Matt Briggs | Retrieve Semantic Data from Frequently Asked Questions Published to the Web

Retrieve Semantic Data from Frequently Asked Questions Published to the Web

July 15, 2025

Learn.com published more than 700 structured Frequently Asked Questions articles that contained both a JSON-LD payload and HTML. This post looks at how the FAQ content both supports and does not support interoperable standards for accessible content.

Content is accessible via the public endpoint and produces content that can be programmatically queried or ingested and read by a script without any additional work.
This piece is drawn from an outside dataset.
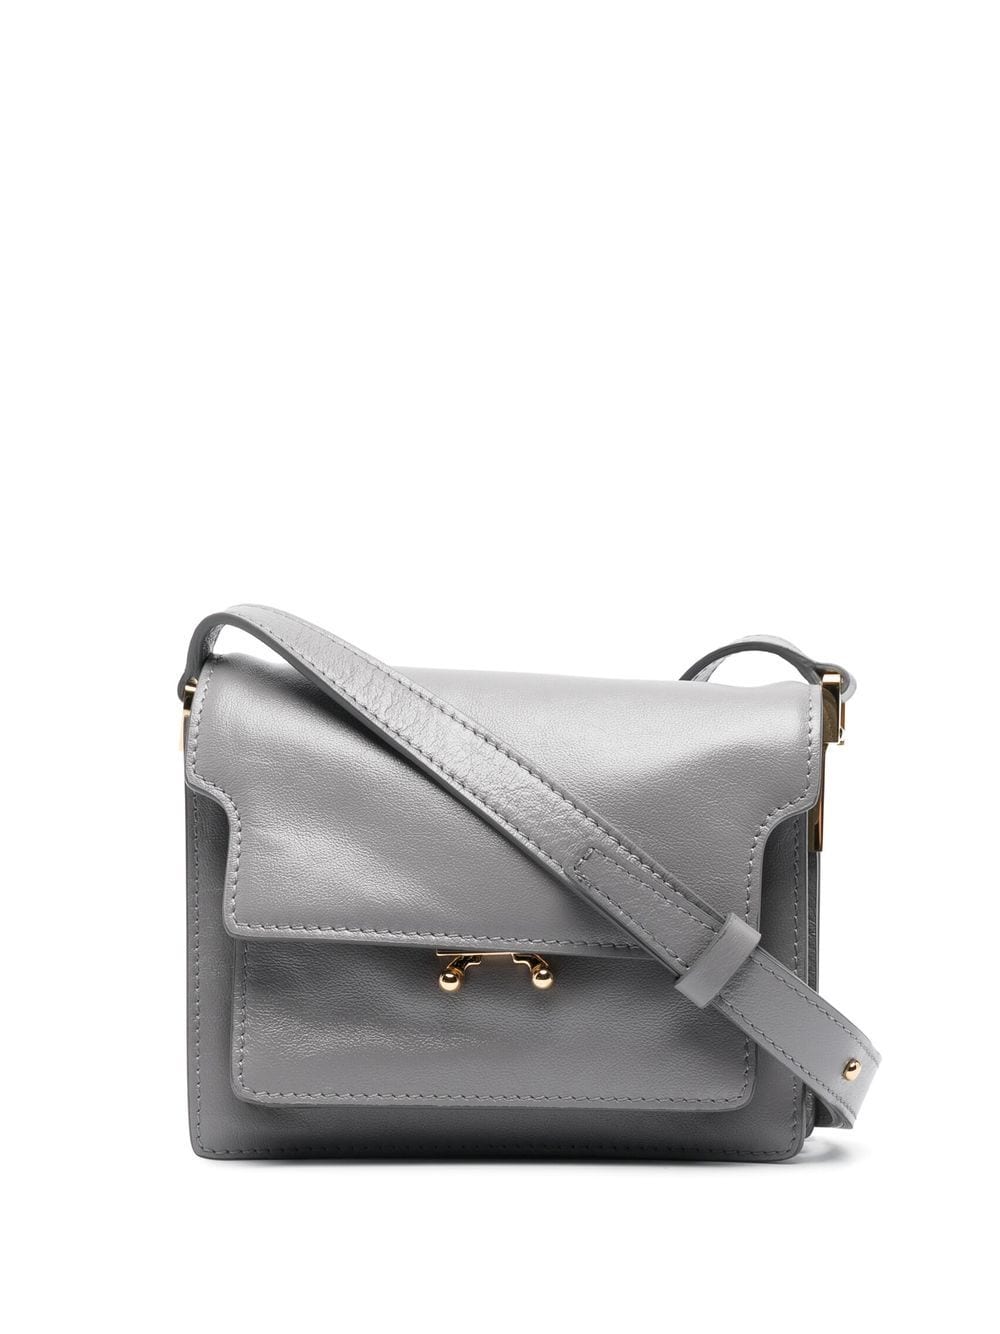 Marni Trunk leather satchel bag - Grey von Marni
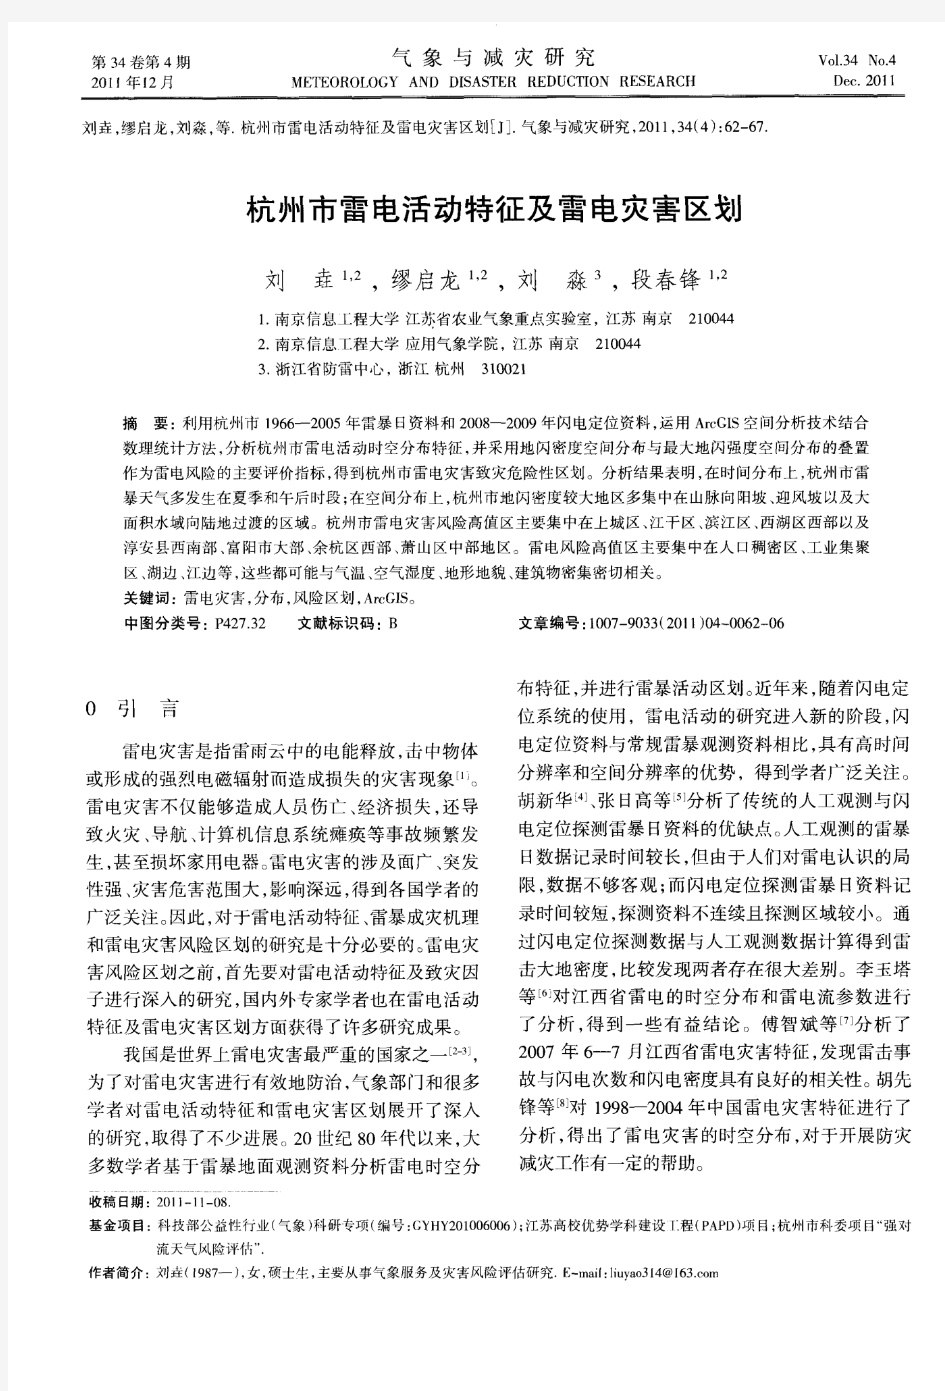 杭州市雷电活动特征及雷电灾害区划

In addition, the elements in each article are related to a publicly available Schema, the FAQPage schema on Schema.org, which can be used to disambiguate content parts, place them into context, and create a shared representation with anyone using Schema.org.

The semantic power with the FAQPage is is that it maps each question to the right answer.

JSON-LD annotates elements on a page, structuring the data, which can then be used by search engines to disambiguate elements and establish facts surrounding entities, which is then associated with creating a more organized, better web overall.
– A Guide to JSONLD for Beginners (Moz.com)

A first or third party using these end points could:

Integrate the content into their content experience.
Perform granular content reporting.
Create content chunks with the following elements:
a. Grab deliberate chunks as intended by the content author.
b. Associated semantic metadata with each element of the document.
c. Associate the chunks with the article to other parts of the article.
This content is ingested by Google and Bing’s Knowledge Graph contributing to the Search Engine AI features and knowledge graph returns.

Use SEO Meta 1 Copy to review the semantic data

An extension allows easy checking and copying of SEO-related meta information. It can be used to compare semantic data availability across different topics on Learn.Microsoft.com.

Install use SEO Meta 1 Copy. This is an extension that allows you to easily check SEO-related meta information and copy it with one click. You can get it from as Microsoft Edge Add-on or Google Chrome Extension.
Navigate to any of the HTML files that contains JSON-LD. For example: https://learn.microsoft.com/en-us/azure/aks/faq
Click the Extension in your Browser Toolbar. Select structured and then select read more under FAQPage. Note there are 47 questions on this page. You will see the semantic structure of the article.
You can compare the availability of this semantic data to other topics. Nearly all of the topics on Learn.Microsoft.com lack semantic data.
Click the Extension in your Browser Toolbar. Select structured. Note that while the breadcrumb is present, the semantic data payload is not present.

Use Schema.org to review the semantic data

Paste a URL into validator.schema.org, select Fetch URL, and Run Test. Review the semantic structure of the document.

Open https://validator.schema.org/
Paste one of the URL with semantic data into the Test your structured data box. Select Fetch URL, and Run Test. For example: https://learn.microsoft.com/en-us/azure/aks/faq
Expand the FAQPage item and review the semantic structure of the document.

Implementation

You can use a short Python script to download the files as json. This script scrapes a list of URLs, detects JSON-LD FAQPage schema, and extracts relevant data. It also saves FAQ-related HTML and JSON-LD data when detected.

You can find the script in the retrieval-json-vs-md GitHub repository.

You can find a list of public URLs on Learn with FAQPage at in the repository: public-faqpage-urls.txt

Conclusion

Content is accessible via the public ends point and produces content that can be programmatically queries or ingested and read by a script without any additional work.

You were able to:

Access the semantic data at the public end points for Learn.com.
Validate the semantic data and its associate with the public schema at Schema.org
Use a program to download the data and use a query to access the content as data.